_Instructions to follow_
Exactly the lines from the one containing "This Romantic Spring" through the one containing "FUT(エフュ ト) 3500ルーメン" in the listing below are to be copied, with the pictures left out.

_Supplied material_
════════════════════

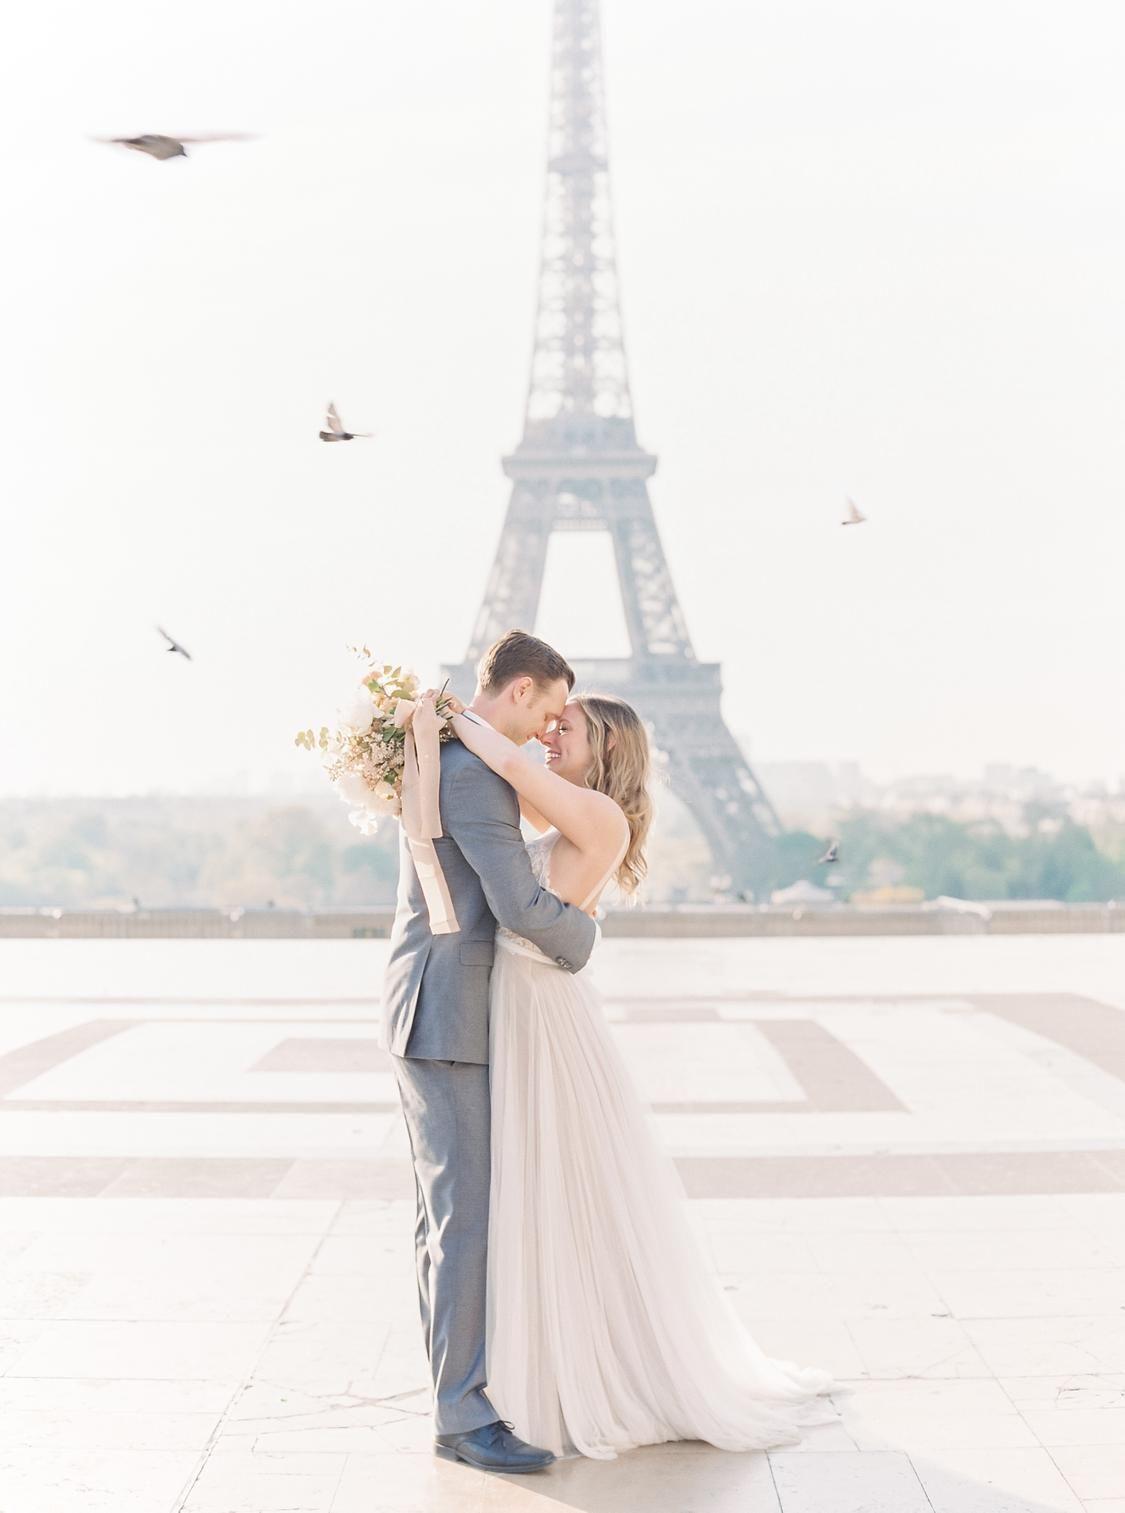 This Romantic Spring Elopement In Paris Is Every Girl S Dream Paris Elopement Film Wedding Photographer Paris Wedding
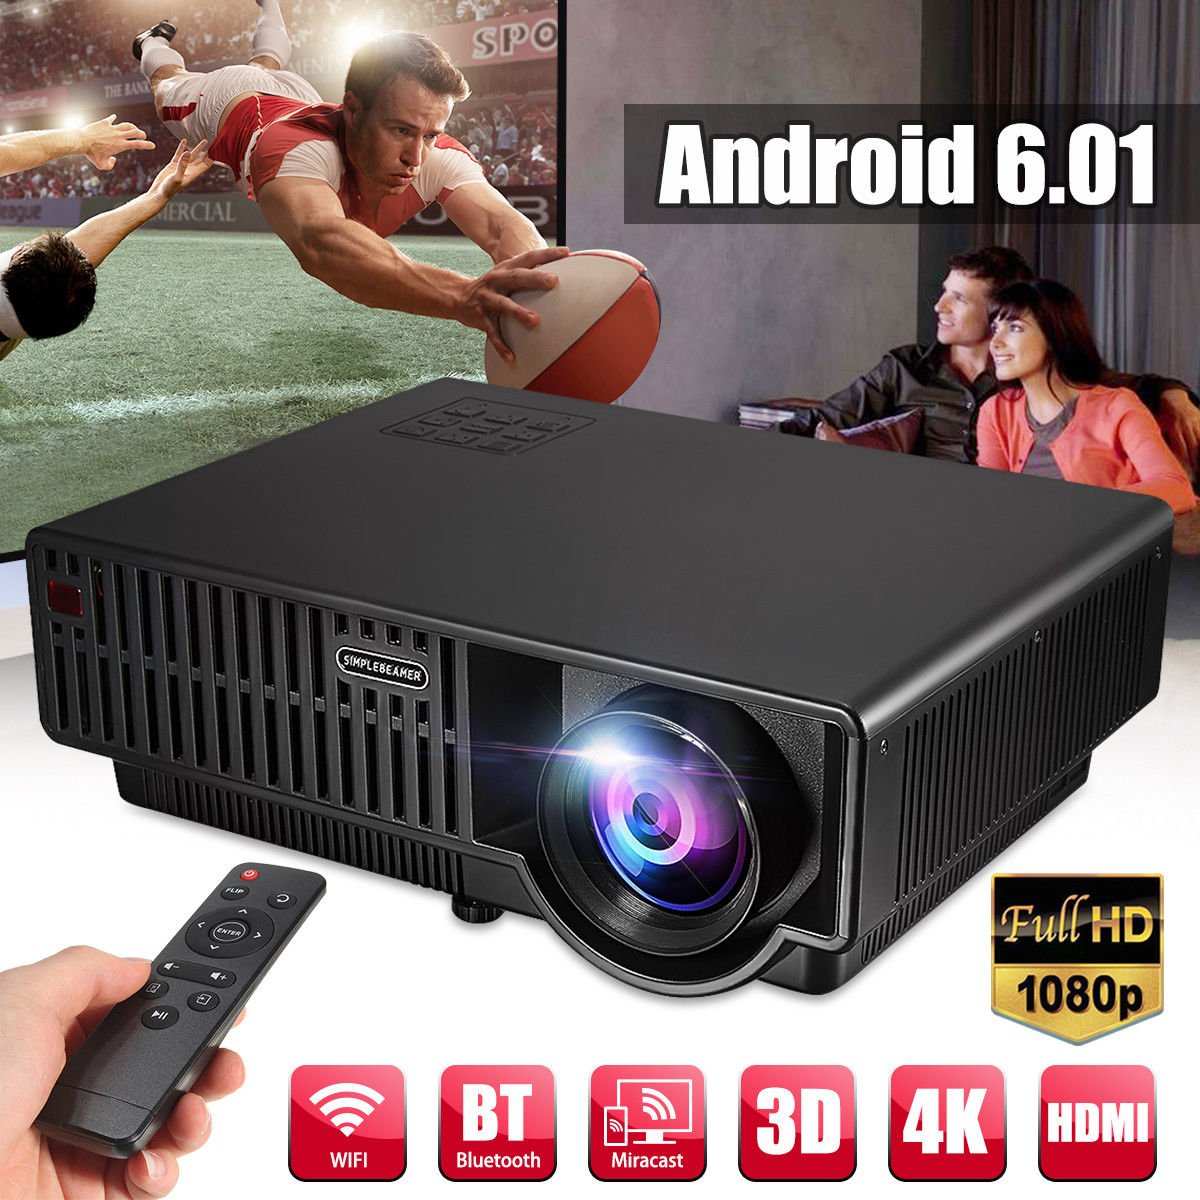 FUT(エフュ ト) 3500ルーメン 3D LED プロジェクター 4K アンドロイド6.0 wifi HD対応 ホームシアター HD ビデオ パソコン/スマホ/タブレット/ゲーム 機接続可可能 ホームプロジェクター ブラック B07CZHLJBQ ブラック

════════════════════

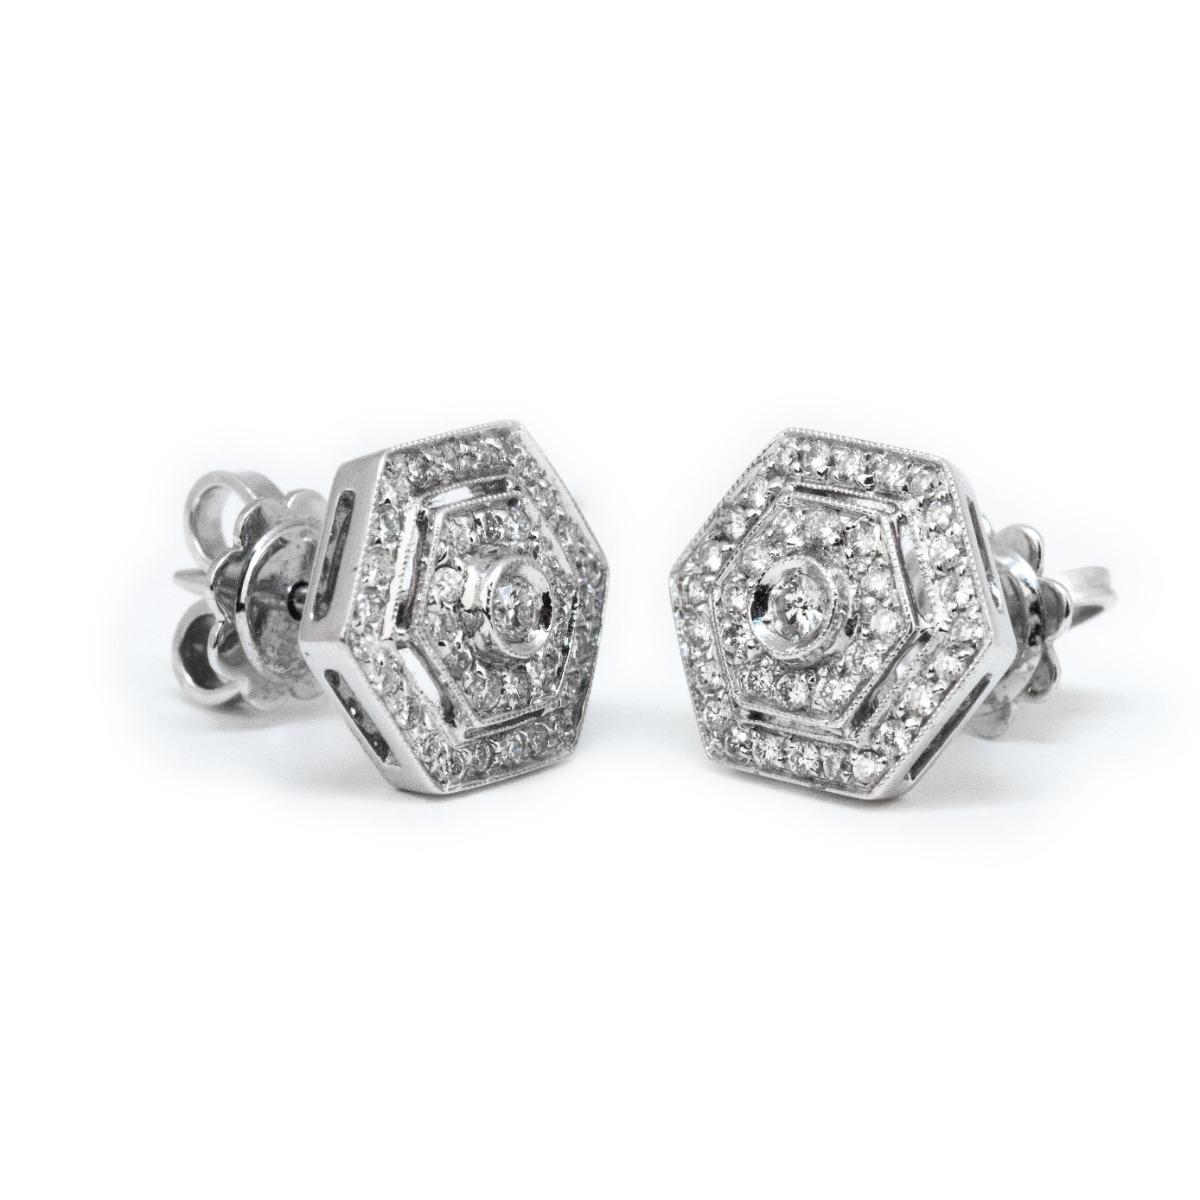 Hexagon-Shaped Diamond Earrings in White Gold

════════════════════

_Exercise response_
 This Romantic Spring Elopement In Paris Is Every Girl S Dream Paris Elopement Film Wedding Photographer Paris Wedding
 FUT(エフュ ト) 3500ルーメン 3D LED プロジェクター 4K アンドロイド6.0 wifi HD対応 ホームシアター HD ビデオ パソコン/スマホ/タブレット/ゲーム 機接続可可能 ホームプロジェクター ブラック B07CZHLJBQ ブラック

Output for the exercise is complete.